**What to do**
In the listing below, find the line with "nayarit-issste-vacuna" and copy every line from there up to and including the line with "Read online Hit", exactly and without pictures.

**Data extracts**
============================================================
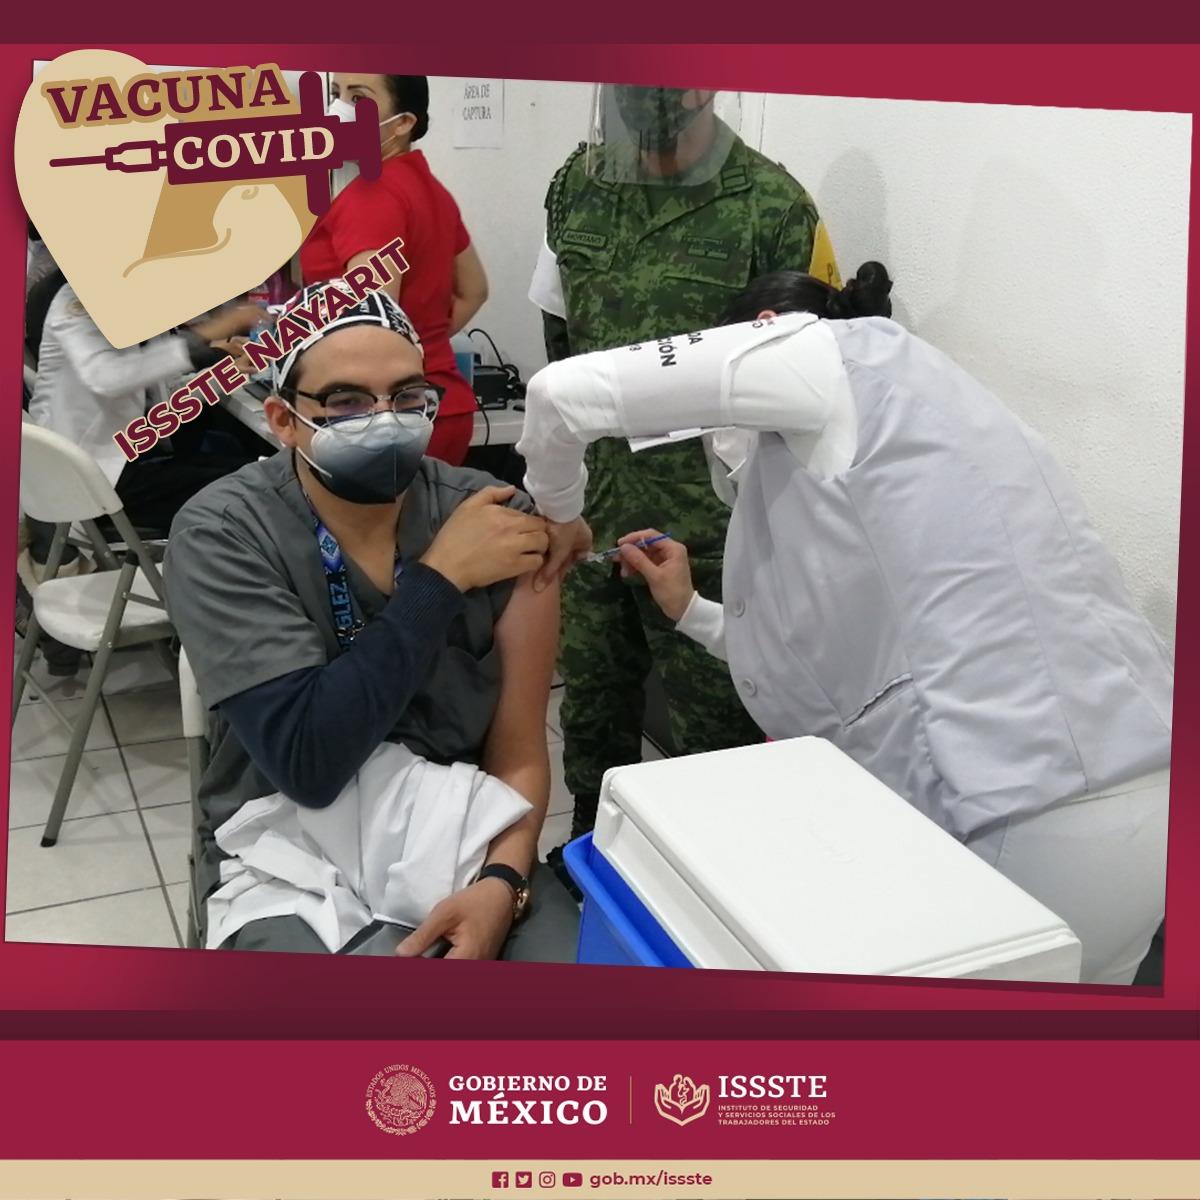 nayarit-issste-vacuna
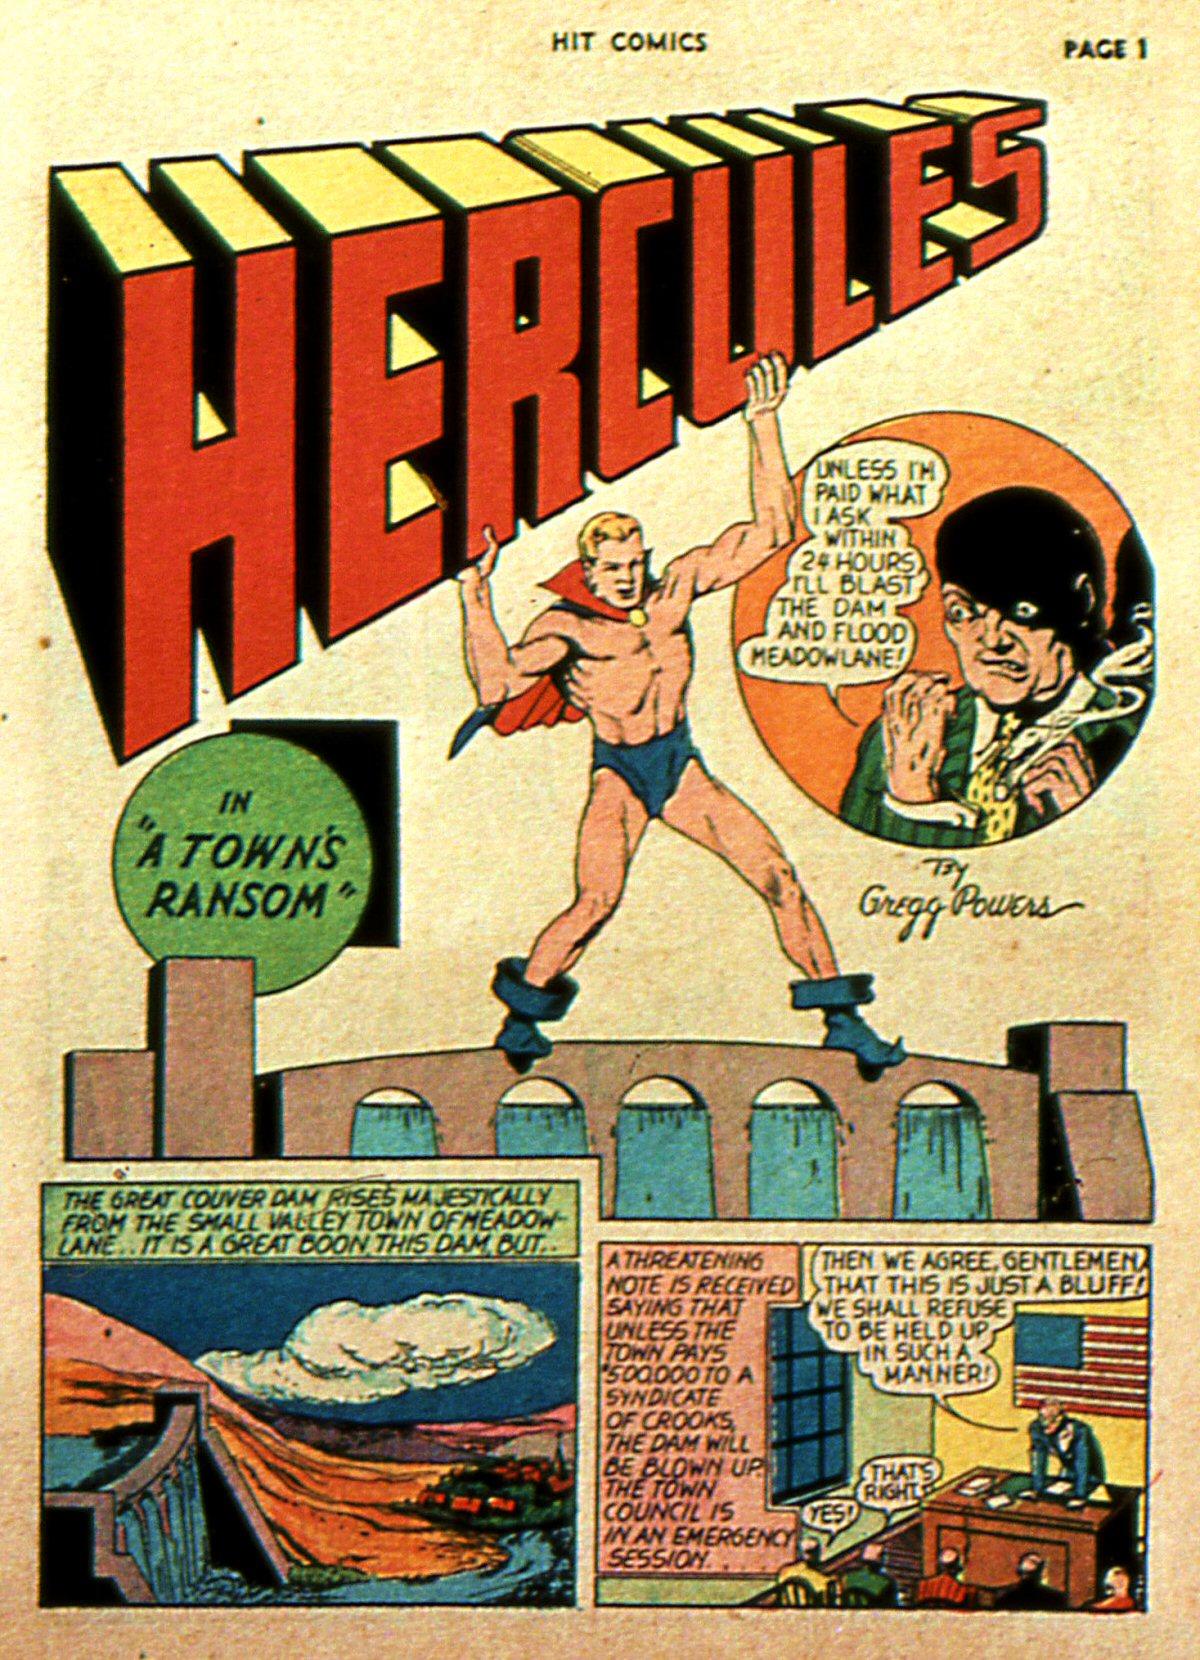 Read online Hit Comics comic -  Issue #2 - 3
============================================================
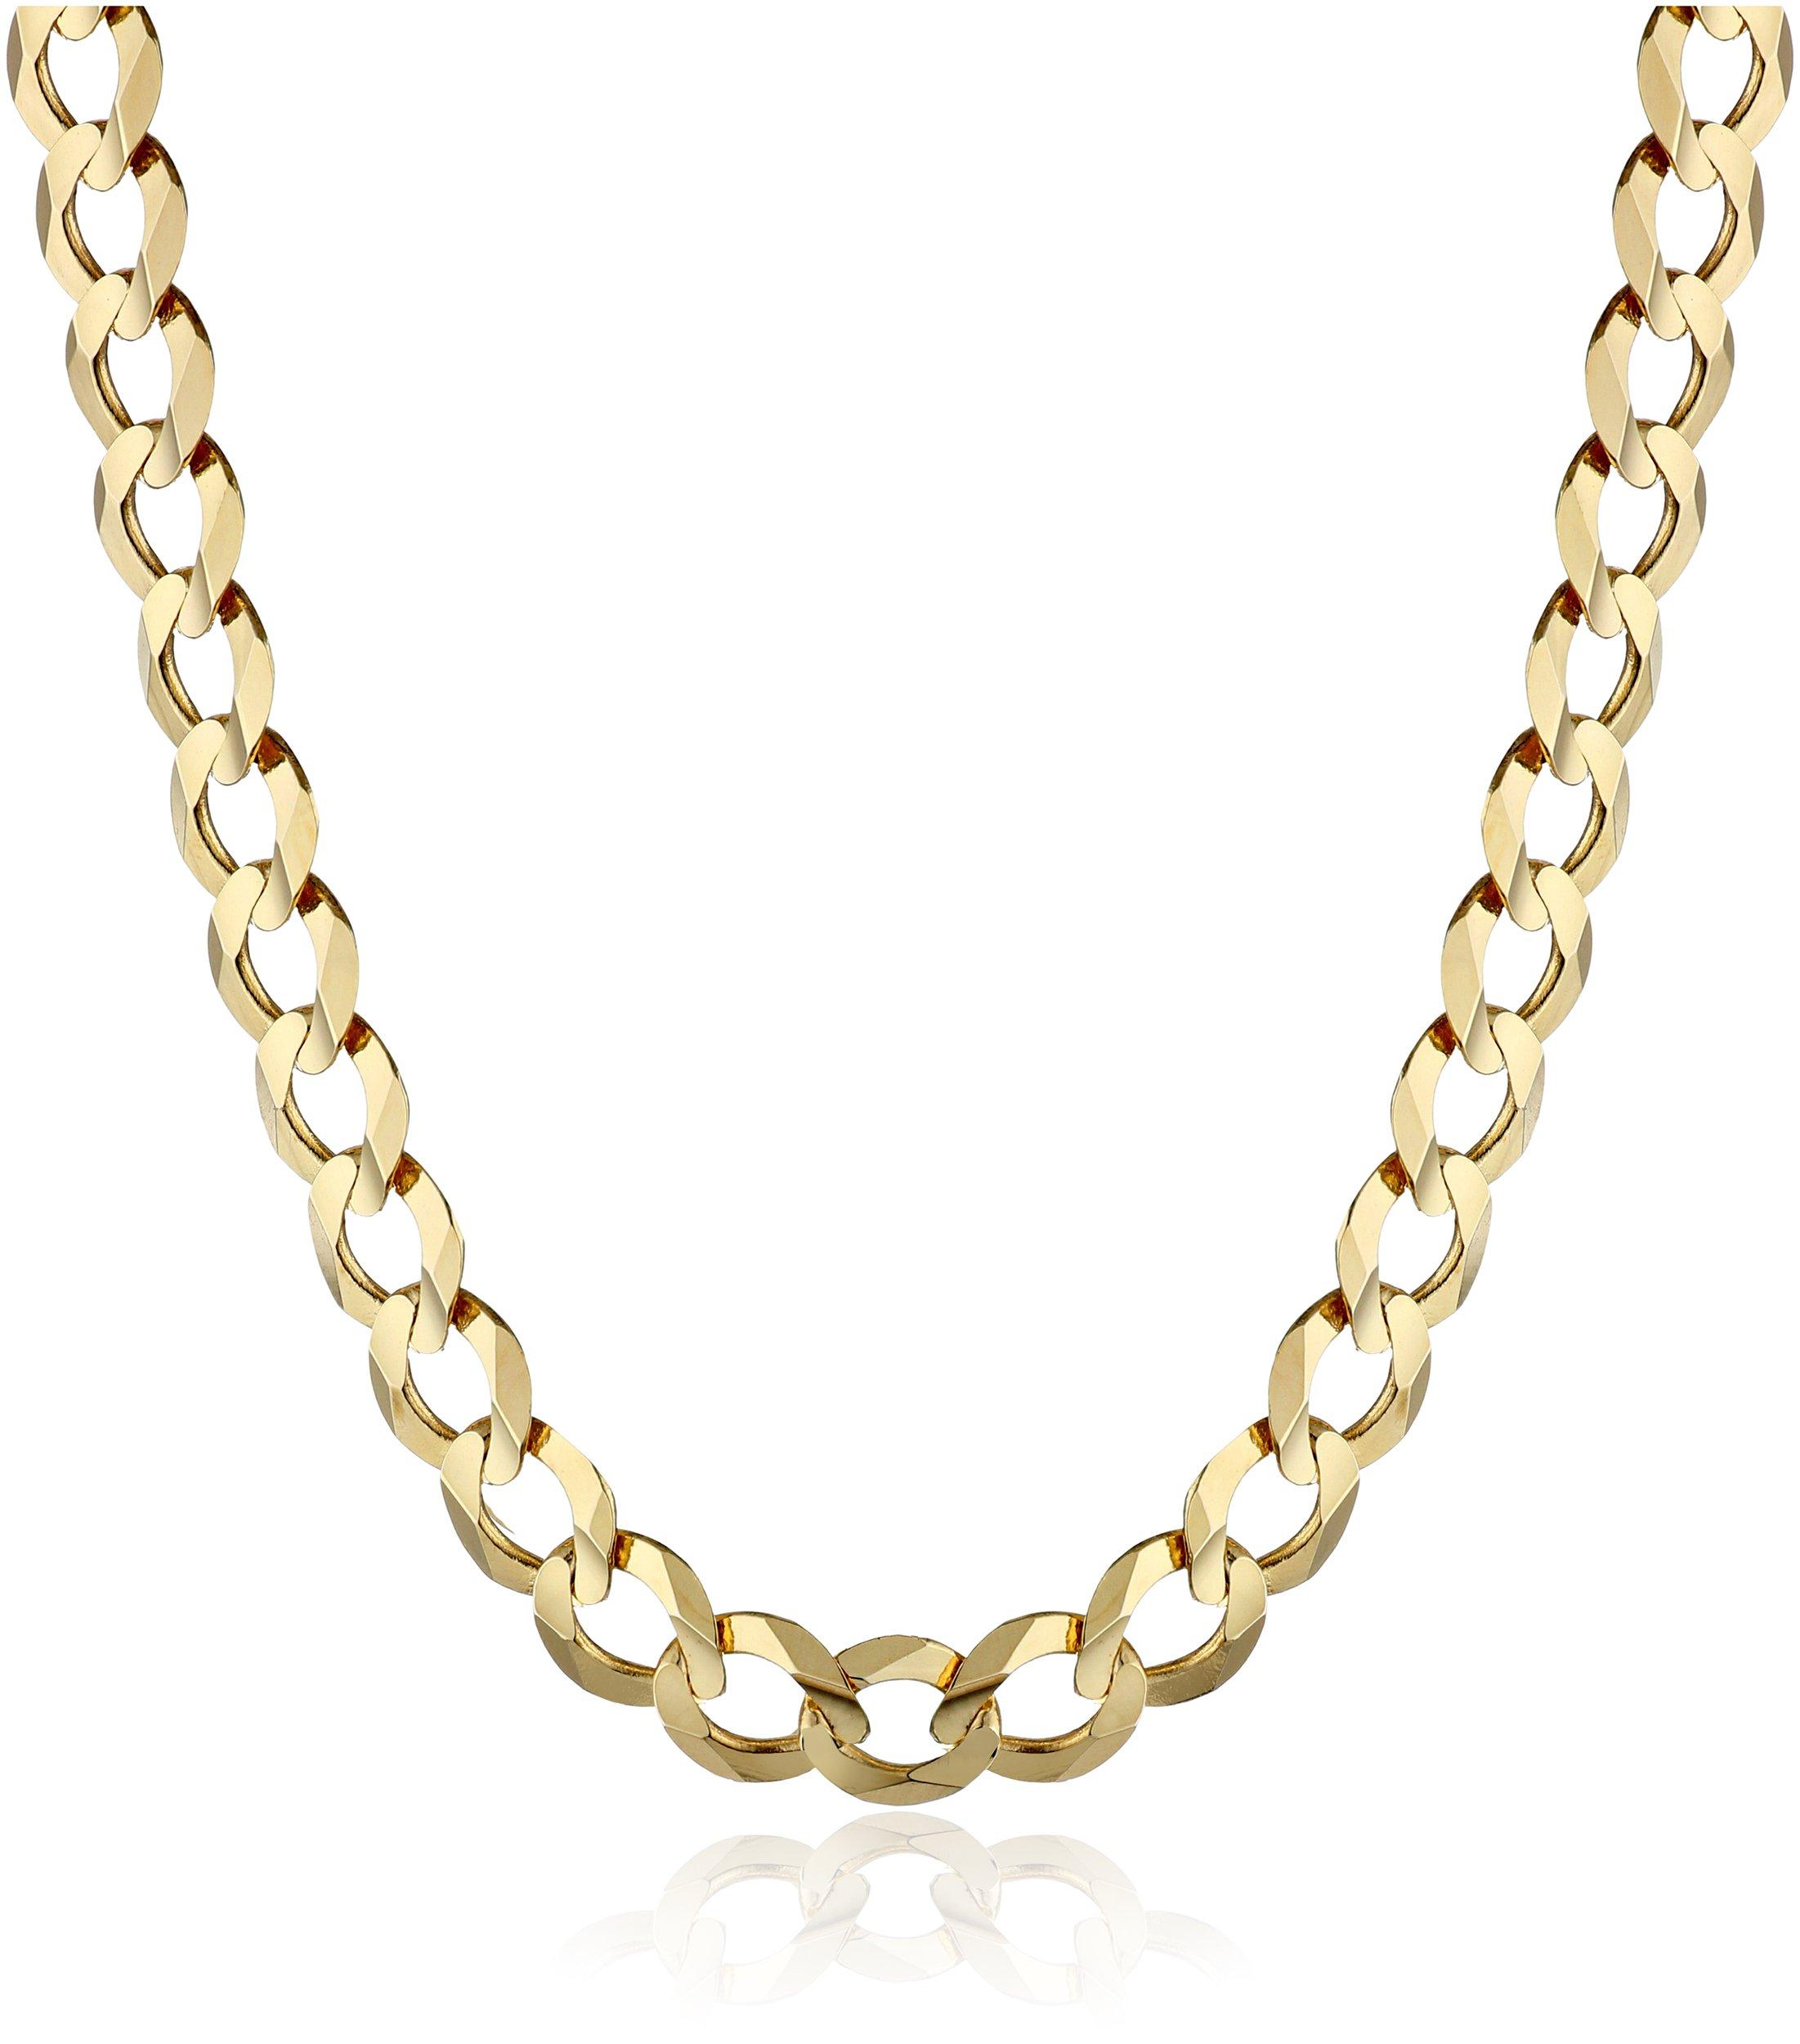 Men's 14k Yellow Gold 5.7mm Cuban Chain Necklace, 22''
============================================================
**Result for this exercise**
 nayarit-issste-vacuna
 Read online Hit Comics comic -  Issue #2 - 3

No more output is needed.